Second projections 22 are formed as the second fitting portions 50 on the end portions 9A that are ends of the outer cores 9. Second recesses 23 are formed as the second fitting portions 50 on the end portions 9B that are the other ends of the outer cores 9. The second projection 22 of one outer core 9 and the second recess 23 of another outer core 9 adjacent thereto are fitted to each other, so that the second fitting portion 50 is formed by the second projection 22 and the second recess 23.
The directions in which the fitting surfaces 31A are formed in the inner cores 8 and the fitting surfaces 21A are formed in the outer cores 9 will be described with reference to FIG. 11. Each fitting surface 31A and each fitting surface 21A are formed as surfaces in the axial direction Y at a parallel position R parallel to the radial direction X at a center position Q in the circumferential direction Z of the divided outer core 9. The radial direction X at the center position Q in the circumferential direction Z of the divided outer core 9 is a direction that coincides with an insertion direction in which the divided outer core 9 is inserted from the outer side X2 to the inner side X1 in the radial direction X.
Next, the method for manufacturing the stator of the rotating electric machine of Embodiment 1 configured as described above will be described with reference to FIGS. 8 to 12. First, as shown in FIG. 8, the connection portions 10 at the inner side X1 in the radial direction X of the four inner cores 8 are brought into contact with the outer periphery of a columnar core metal 13 and arranged in an annular shape. Accordingly, in this state, the respective tooth portions 3 are radially formed, and the slots 5 between the adjacent tooth portions 3 are opened at the outer side X2 in the radial direction X.

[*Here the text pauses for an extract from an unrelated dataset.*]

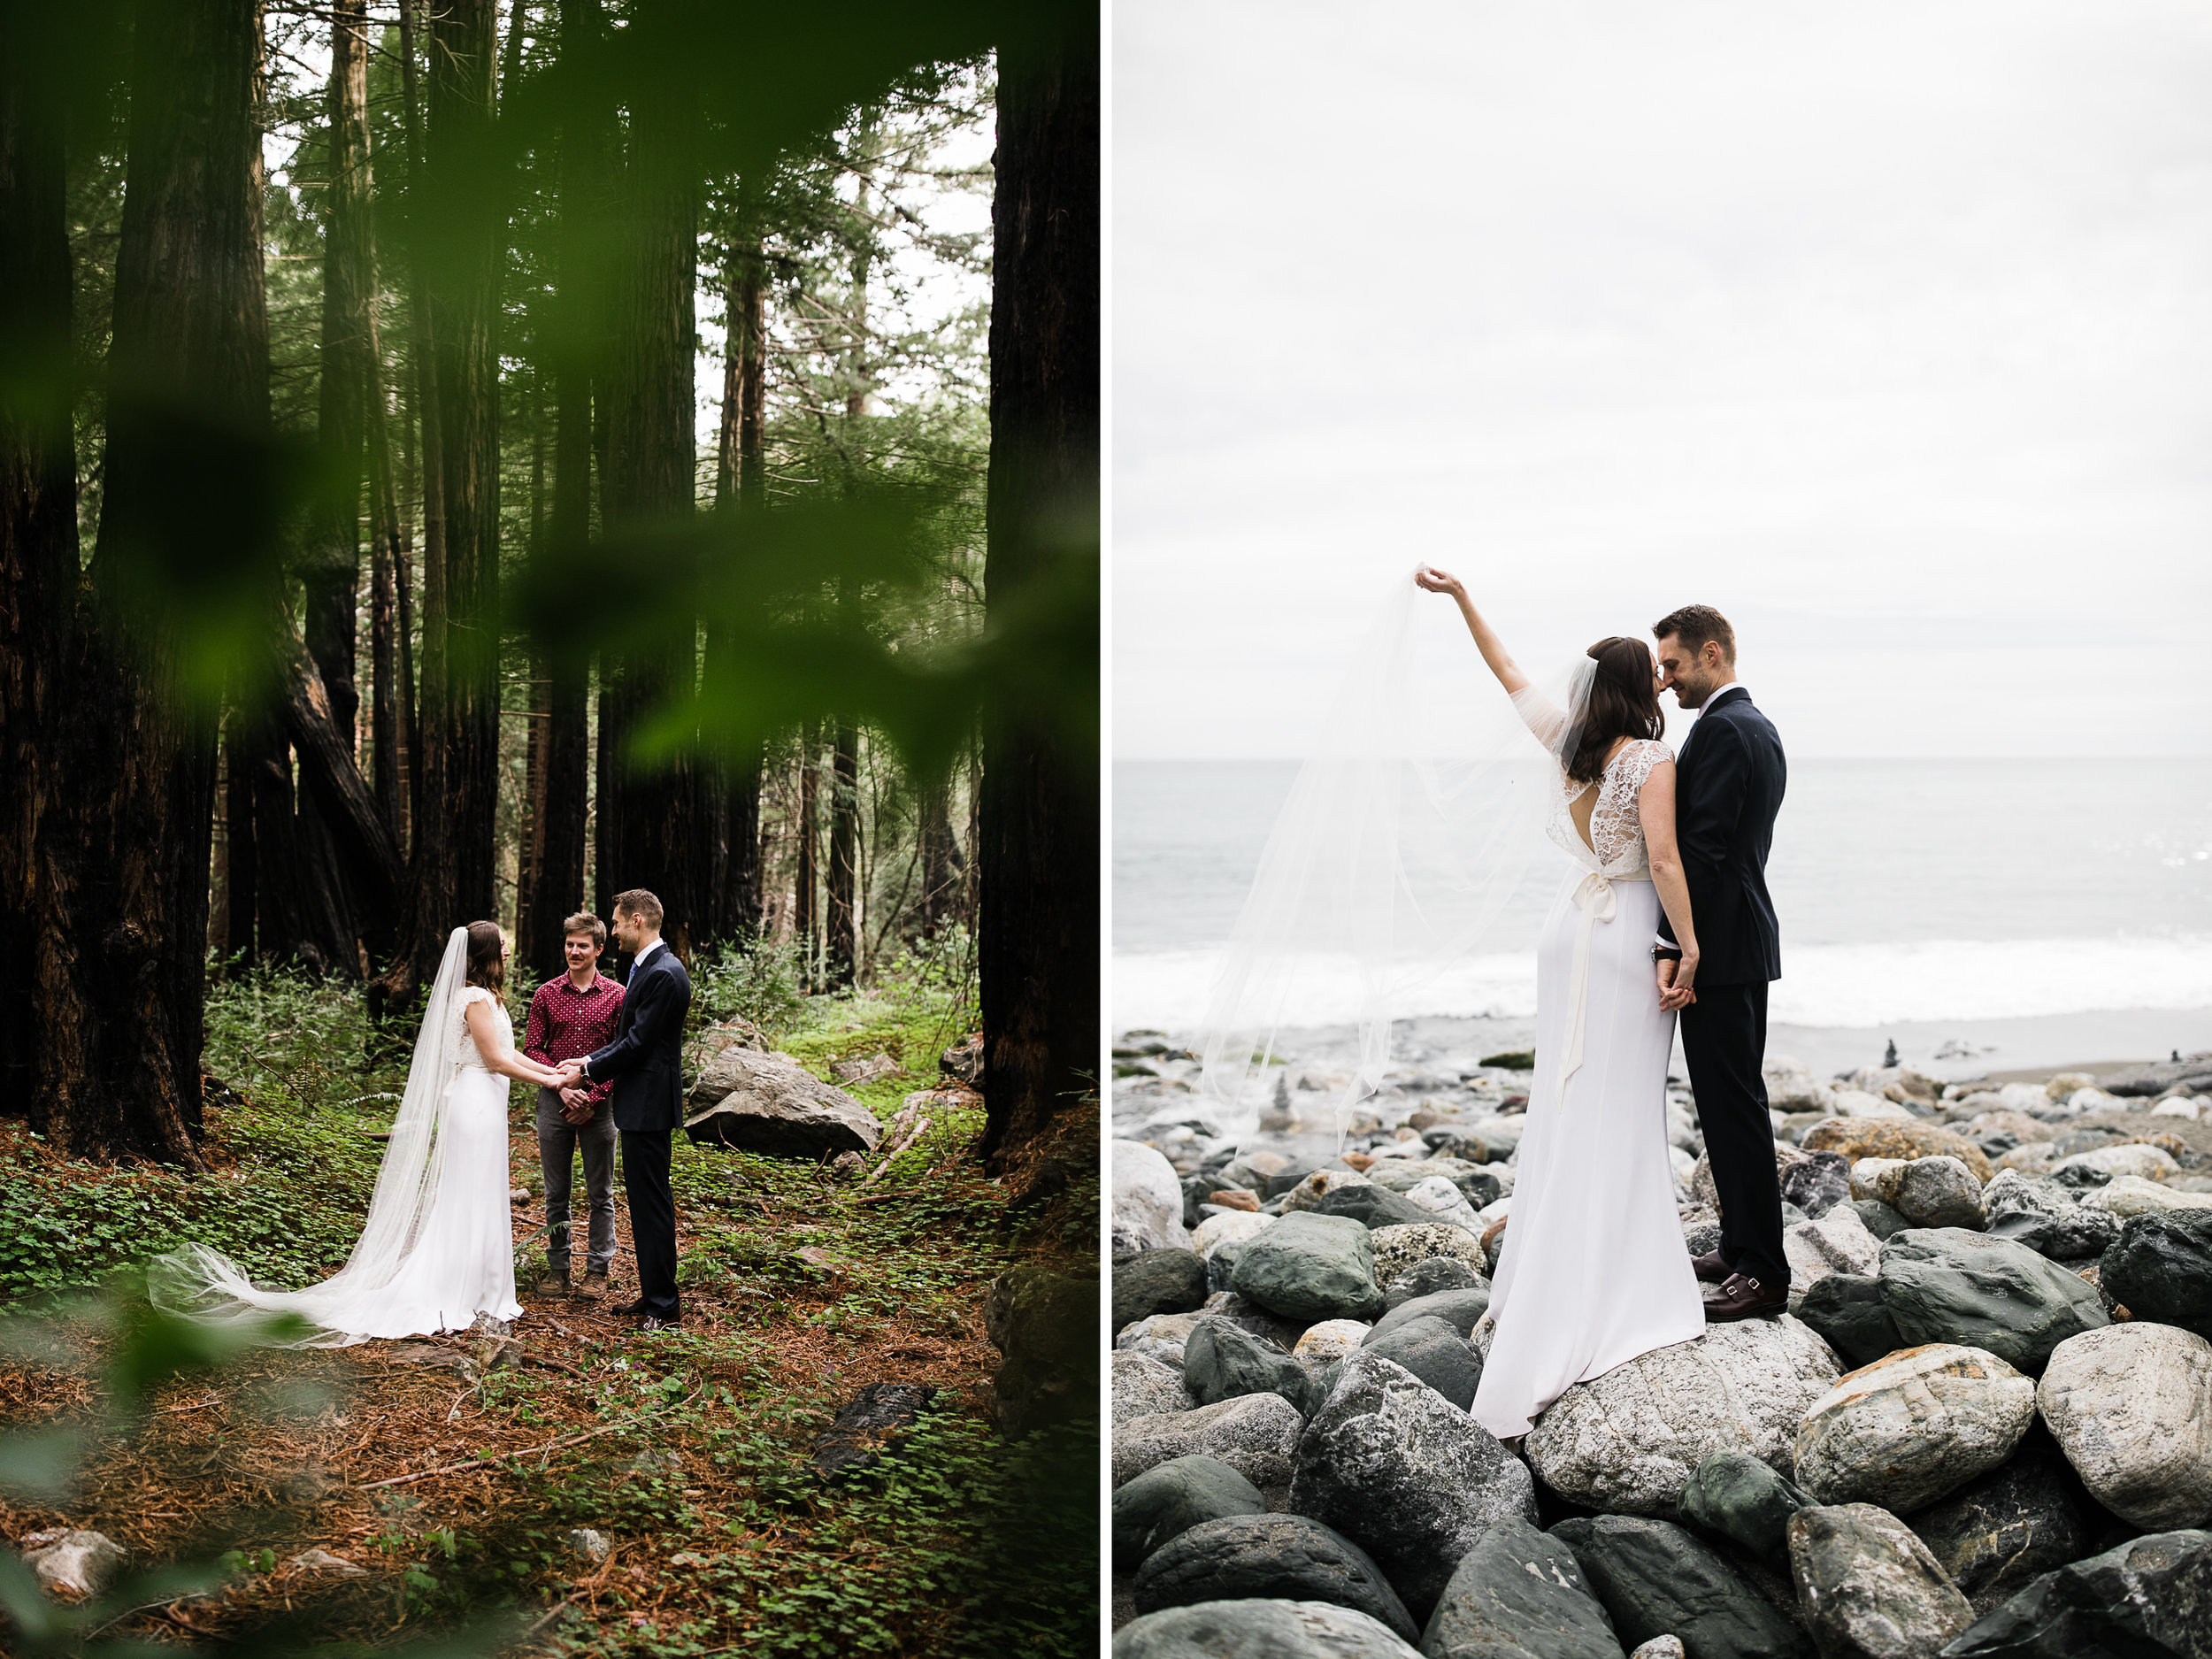 Spring elopement in the redwoods of Big Sur, California | The Hearnes Adventure Wedding Photography

Next, the coils 7 wound on the bobbins 6 are inserted to the radially arranged tooth portions 3 from the outer side X2 to the inner side X1 in the radial direction X. Accordingly, each bobbin 6 is disposed in the adjacent slots 5 as shown in FIG. 9. Thus, the coils 7 are disposed in the respective slots 5. At this time, the first projections 31 project to the outer side X2 in the radial direction X with respect to the regions of the slots 5 where the coils 7 are disposed.

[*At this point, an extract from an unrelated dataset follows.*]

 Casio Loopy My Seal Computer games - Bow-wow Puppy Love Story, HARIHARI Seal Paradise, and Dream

Next, after the coils 7 are inserted, the four outer cores 9 are inserted from the outer side X2 to the inner side X1 in the radial direction X as shown in FIGS. 10, 11, and 12. Then, the first projections 31 of the inner cores 8 and the first recesses 21 of the outer cores 9 are fitted to each other to form the first fitting portions 40. The insertion direction in which each outer core 9 is inserted at this time coincides with the radial direction X at the center position Q in the circumferential direction Z of the divided outer core 9. Since each of the fitting surfaces 31A of the first projections 31 of each inner core 8 and each of the fitting surfaces 21A of the first recesses 21 of each outer core 9 are formed as surfaces in the axial direction Y at the parallel position R with respect to the radial direction X at the center position Q in the circumferential direction Z of the outer core 9, that is, the insertion direction, it is easy to insert the outer cores 9 to the inner cores 8.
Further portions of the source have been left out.